Greetings from Brussels!

Apple is on the cusp of releasing its updated operating system iOS 14.5 next week, which will usher in a new privacy-centric approach. With the advent of the company’s new privacy notification policy, iOS app developers will be required to obtain explicit user permission to track activity to facilitate serving up personalized ads.

In a recent communication, the company announced to the app developer community that all apps must abide by its new App Tracking Transparency framework. All forms of tracking will need to be explained, for review by Apple, and must be declared in the product’s App Store privacy information section. This new privacy framework will be applicable across the suite of devices, including iPhone, iPad and TV OS systems effective as of 26 April.

Apple has said that some mobile apps may be banned from their App Store if they do not comply with the forthcoming privacy standards in conjunction with their app developer program license agreement. On the flip side of the coin, there are many voices in the industry who expect that a high number of users may decline to be tracked across apps and websites given such an explicit choice. Invariably, the fear is of the negative impact to the mobile advertising industry ecosystem: Such a restriction may lead to serious shortfall in ad tracking and targeting data gathered from Apple devices by third parties.

Apple has been vocal for some time regards improving the privacy of its users, and this latest privacy innovation was already floated by the company last year. There are some who have been critical of this move. Facebook, for one, has been ruffled by these latest changes essentially arguing that Apple is using a dominant market position to self-preference their own data collection while obstructing competitors to use the same data. This new explicit consent could harm Facebook’s (and others) ad revenue.

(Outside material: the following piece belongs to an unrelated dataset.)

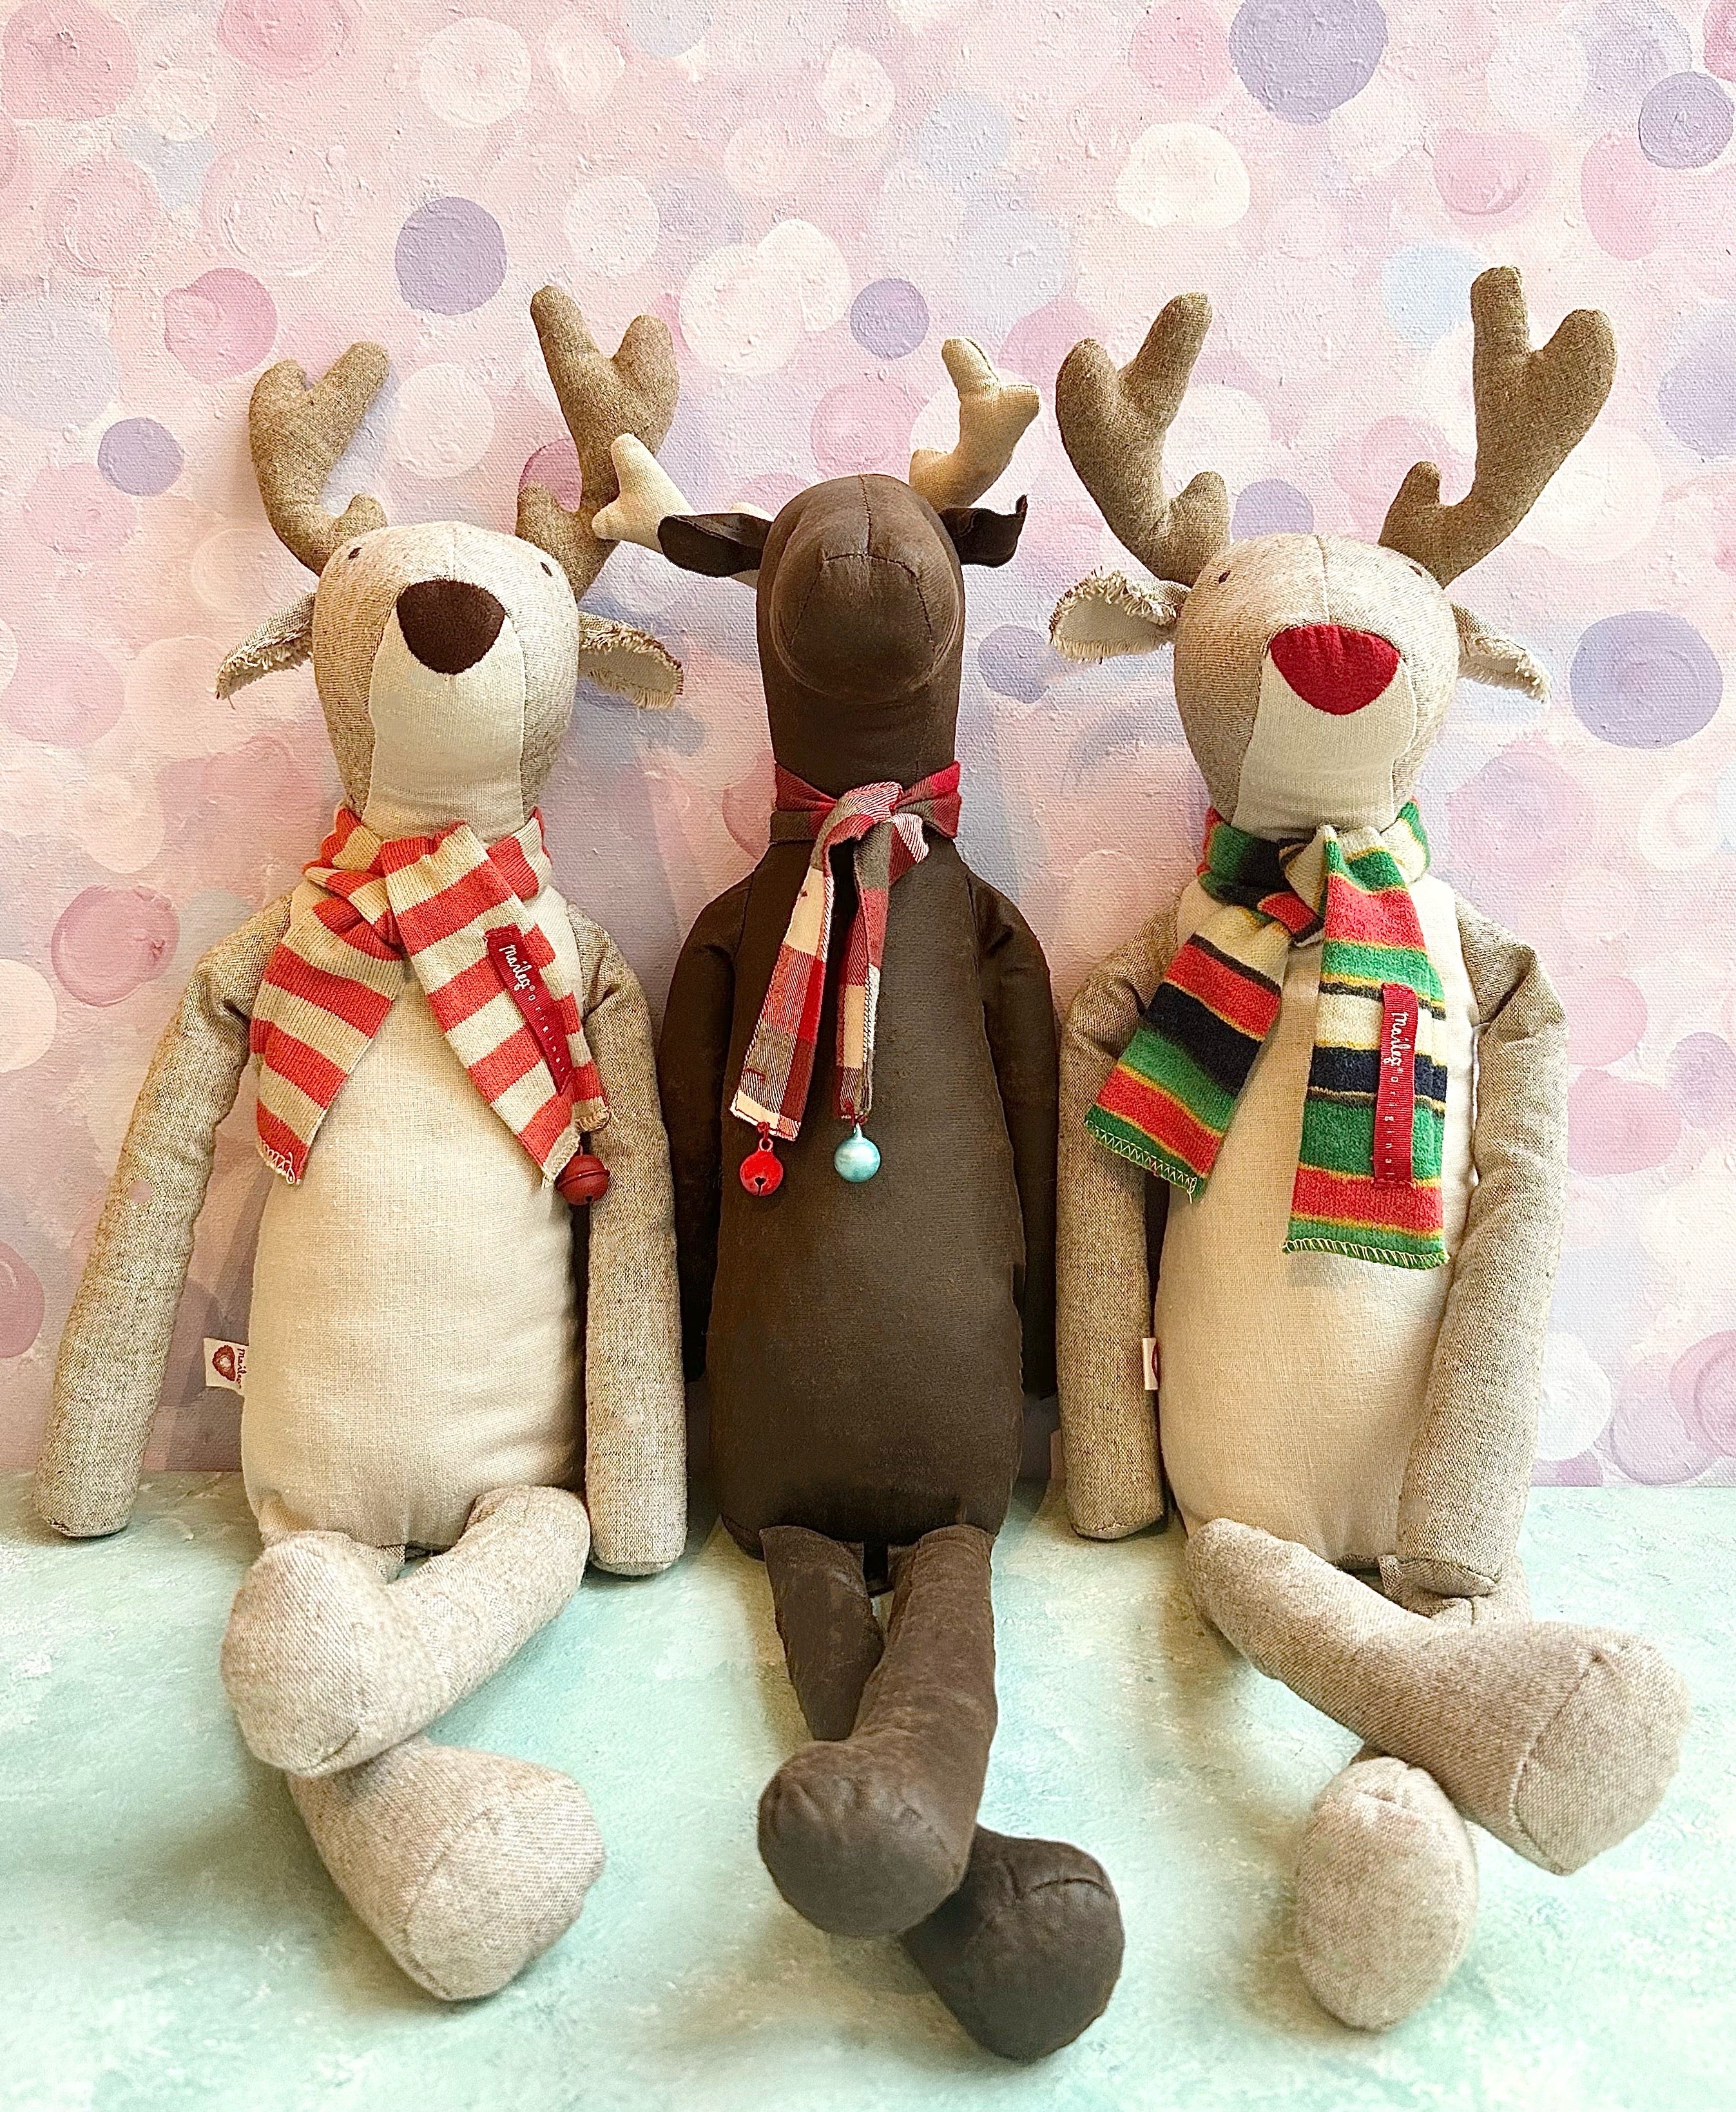 Reindeer Rudolph - 2013

The Financial Times reports this week that these latest privacy changes coincide with Apple’s expansion of its own advertising business. In addition to the existing Apple Store search ads results introduced in 2016, the company now plans to add a secondary channel level of advertising to the Suggested App feature (in store), which will give advertisers the ability to promote their apps across the whole Apple network. For context, I read elsewhere that the App Store drives the bulk of Apple services revenue today, including a 15% to 30% commission on in-app purchases. Apple clearly see this new additional channel as an important enhancement to their revenue streams.

Moreover, this new advertising channel may be of greater appeal to advertisers once the new privacy changes come into play potentially reducing the effectiveness and return on targeted ads. Critics will argue that these privacy changes favor Apple’s own competitive business interests first and foremost, as claimed by Mark Zuckerberg. It is interesting to note that while the new App Tracking Transparency framework prohibits third-party tracking without user consent, first-party tracking is allowed. The Apple Store Search Ads are technically first party, as there is no third-party data sharing since Apple owns the store. You could conclude that this is conveniently poised to favor Apple interests giving its own ad network an unfair advantage.

All considered, Apple’s move is bold, and the introduction of explicit consent for third-party tracking is certainly going to have some level of impact. Something to watch.